Invasive Fungal Rhinosinusitis Due to Co-infection with Mucormycosis and Exserohilum rostratum in a Patient with Acute Lymphoblastic Leukemia.

Invasive fungal infections remain an important cause of complication and morbidity in the management of acute leukemias. Here we report the case of a 27-year-old patient from French Polynesia who was diagnosed with Philadelphia chromosome-negative B-cell acute lymphoblastic leukemia. After induction chemotherapy, she developed rhinosinusitis with extensive bone lysis. The context and clinical presentation quickly made us suspect an invasive mucormycosis infection. However, a multidisciplinary investigation including mass spectrometry techniques also revealed the presence of Exserohilum rostratum, a pathogen member of the genus Exserohilum that is ubiquitous in tropical and subtropical regions but rarely implicated in invasive sinusitis. Antifungal treatment combined with an early surgical approach resulted in a favorable clinical response.

Introduction

Invasive fungal infections (IFIs), including those caused by various Mucorales species [1], such as Mucor, Rhizopus and Lichtheimia, and other newly emerging fungal species are important causes of morbidity and mortality in immunocompromised patients. Mucormycosis is a serious but rare, fungal infection, with high morbidity and mortality. The most common clinical presentations are rhino-orbito-cerebral, pulmonary, cutaneous, and disseminated.

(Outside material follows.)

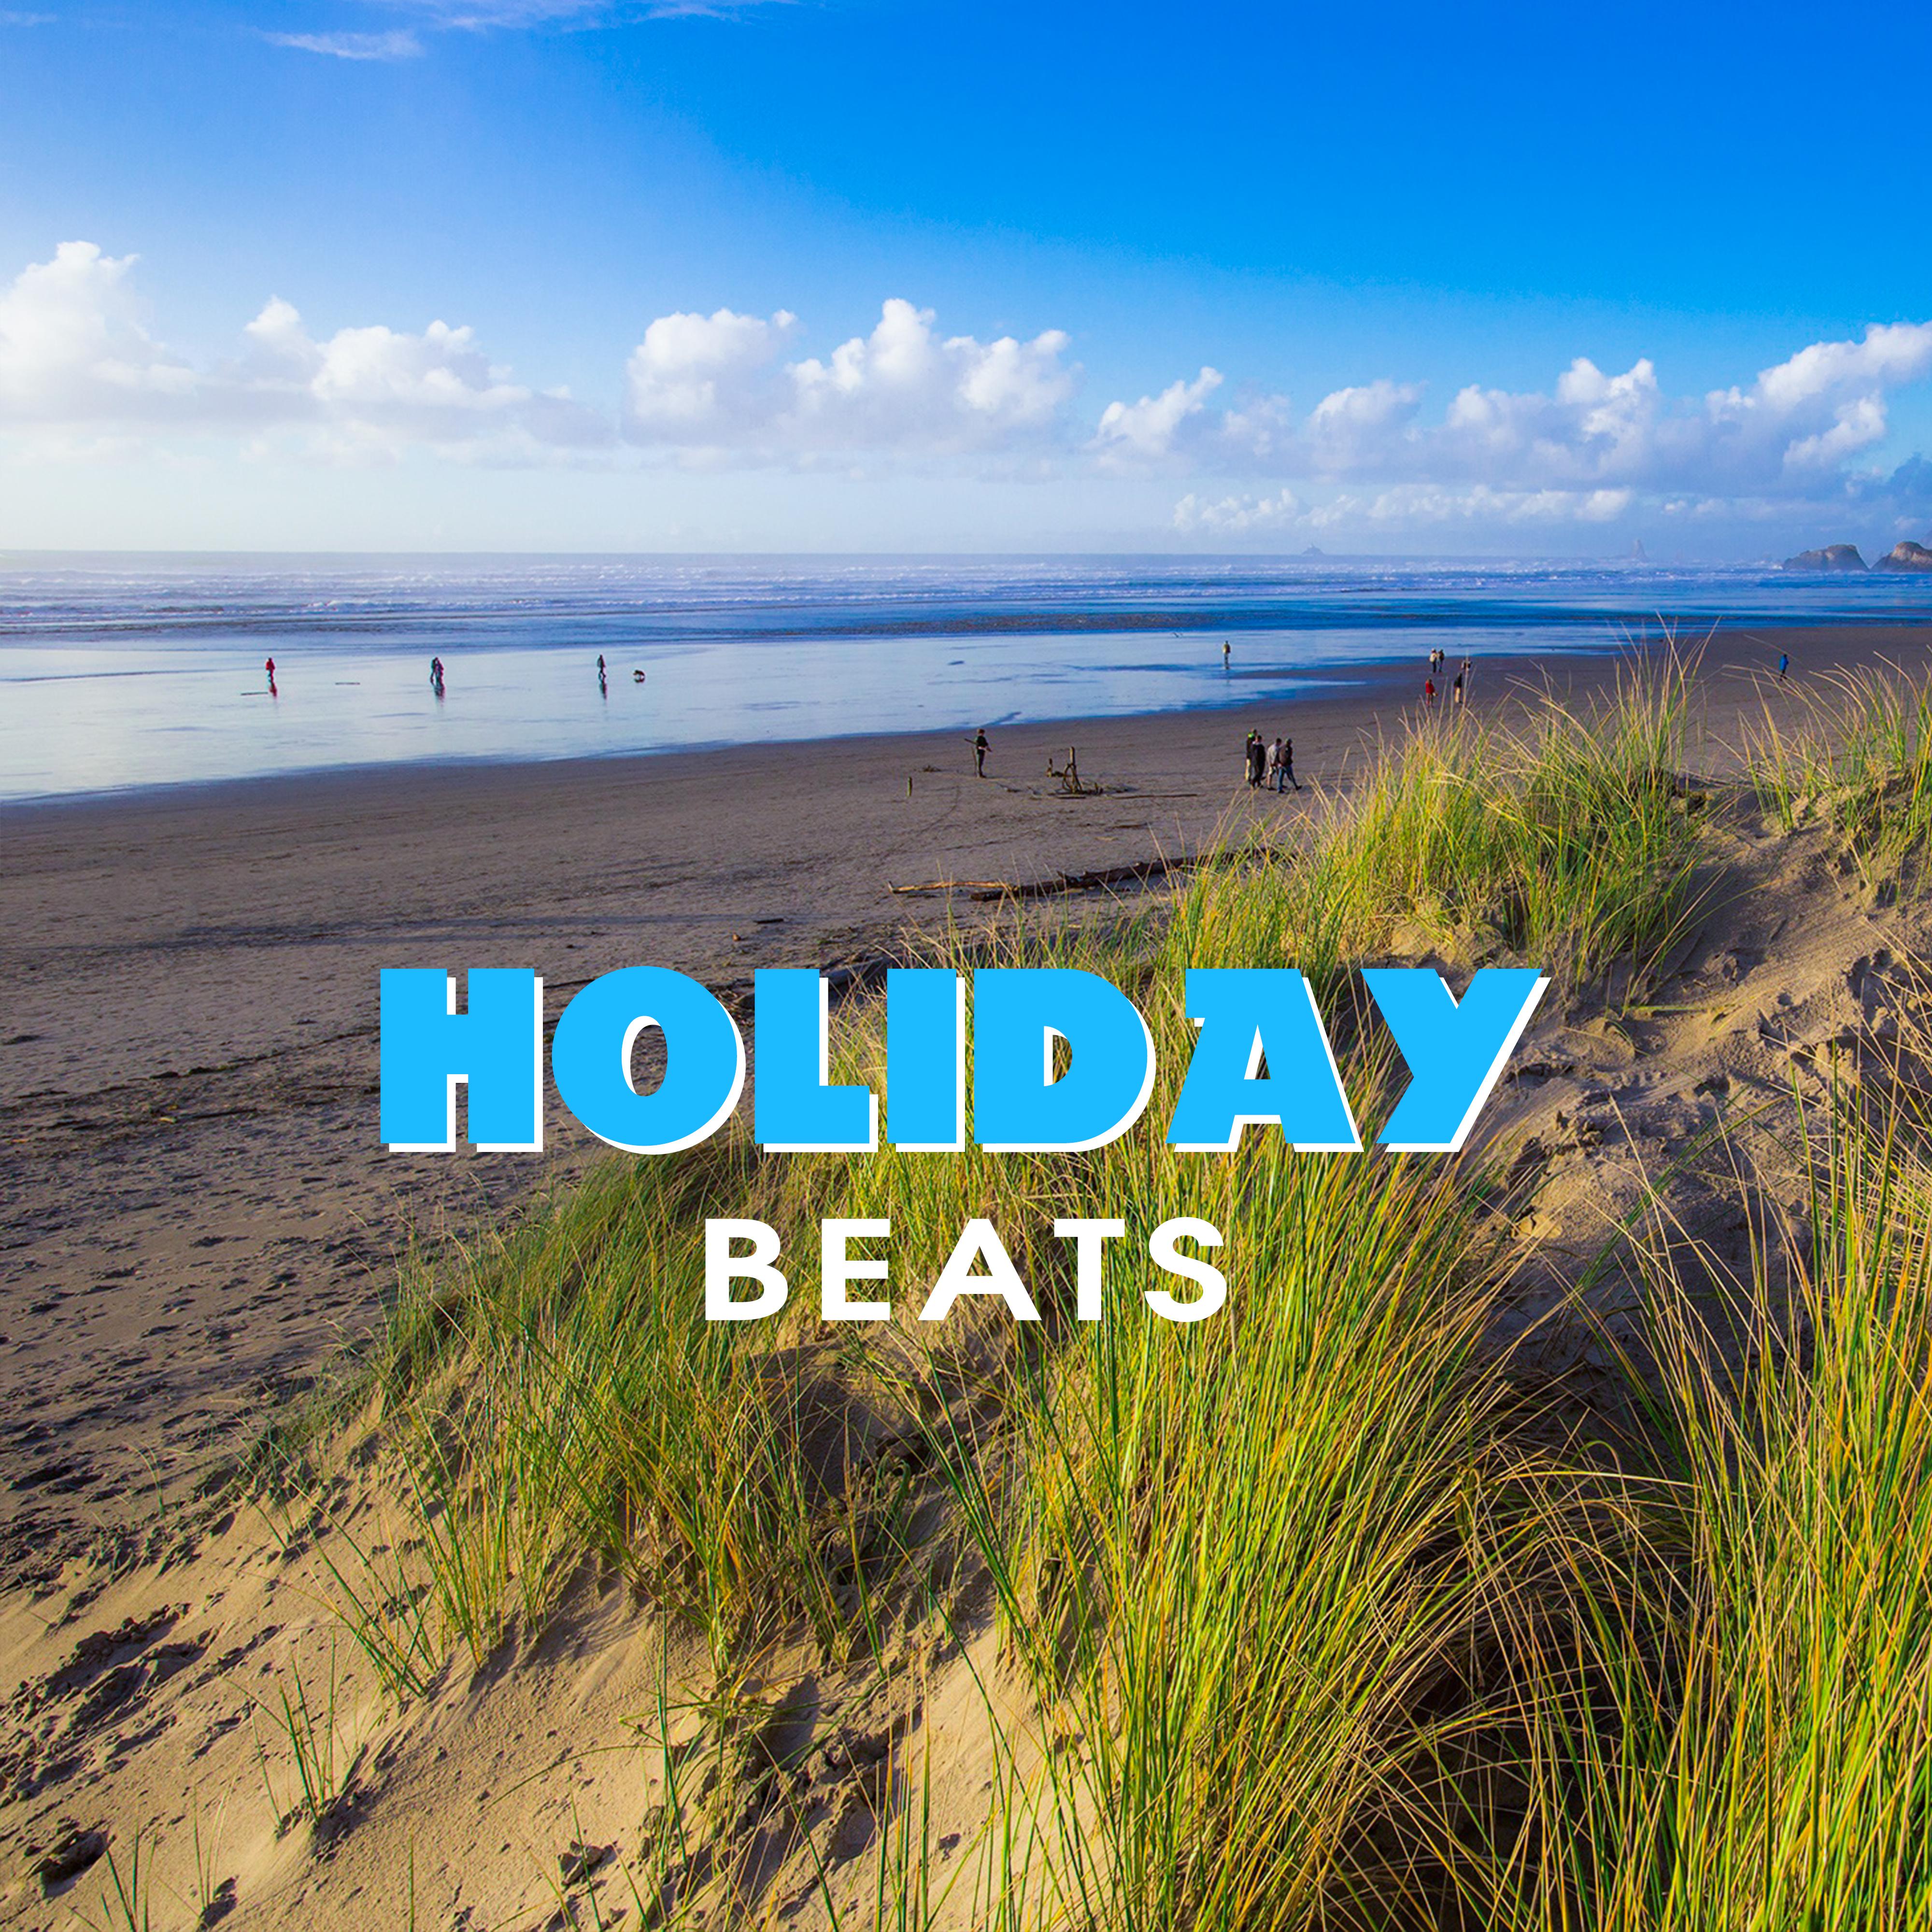 Holidays Beats – Summer Hits 2017, Chill Out Music, Lounge, Electronic Music, Ibiza Party, Dance

The genus Exserohilum (teleomorph Setosphaeria), comprising approximately 35 species, is a common saprophytic fungus of plants in warm and humid climates [2]. They occasionally cause infections in plants and animals, and can rarely be pathogenic for humans, mostly in tropical and subtropical regions. The most described infections are sinusitis, keratitis, skin, and subcutaneous infections, although brain abscesses, osteomyelitis, endocarditis, and disseminated infections have also been reported, either by direct inoculation or by dissemination in immunocompromised patients [3].

Case Report

A 27-year-old French Polynesian female patient was initially treated in February 2019 for what was thought to be diffuse large-cell B lymphoma. The patient was in complete remission after eight cycles of R-CHOP (comprising rituximab, cyclophosphamide, doxorubicin, vincristine, and prednisone). Nine months later, a relapse was suspected due to the development of a renal mass. The new histological examination was in favor of an extramedullary localization of acute lymphoblastic leukemia (ALL). The myelogram revealed a blast infiltration, and the diagnosis of B-ALL was made. Induction chemotherapy was started on October 2020 following the GRAAL-2014 protocol (including vincristine, cyclophosphamide, L-asparaginase and methylprednisolone). Two weeks later, a palatine median filamentous ulceration appeared, macroscopically whitish, raised, asymmetrical and indolent, which was initially managed with amphotericin B mouth rinses. Following the next course of chemotherapy (high-dose methotrexate), the lesion did not regress.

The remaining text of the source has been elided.